======== Source information

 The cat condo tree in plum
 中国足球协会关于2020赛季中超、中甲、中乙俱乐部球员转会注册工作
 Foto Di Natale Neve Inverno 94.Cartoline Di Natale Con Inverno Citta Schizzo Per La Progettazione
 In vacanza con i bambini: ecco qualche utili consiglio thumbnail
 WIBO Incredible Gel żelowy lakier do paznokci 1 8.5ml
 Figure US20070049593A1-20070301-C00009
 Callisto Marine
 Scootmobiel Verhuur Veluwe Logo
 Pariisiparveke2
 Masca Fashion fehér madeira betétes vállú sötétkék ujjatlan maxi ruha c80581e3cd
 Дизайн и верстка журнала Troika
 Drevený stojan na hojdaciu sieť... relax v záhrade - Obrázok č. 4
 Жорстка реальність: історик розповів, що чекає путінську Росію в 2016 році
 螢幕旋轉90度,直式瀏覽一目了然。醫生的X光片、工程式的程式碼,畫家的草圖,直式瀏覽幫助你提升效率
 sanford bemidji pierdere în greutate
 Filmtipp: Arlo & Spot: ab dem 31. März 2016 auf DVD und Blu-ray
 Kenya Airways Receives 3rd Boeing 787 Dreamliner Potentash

================

* **Exercise details**
Only the span from the line with "Filmtipp: Arlo &" through the final line of the records goes in the output, each line unchanged.

* **Task result**
 Filmtipp: Arlo & Spot: ab dem 31. März 2016 auf DVD und Blu-ray
 Kenya Airways Receives 3rd Boeing 787 Dreamliner Potentash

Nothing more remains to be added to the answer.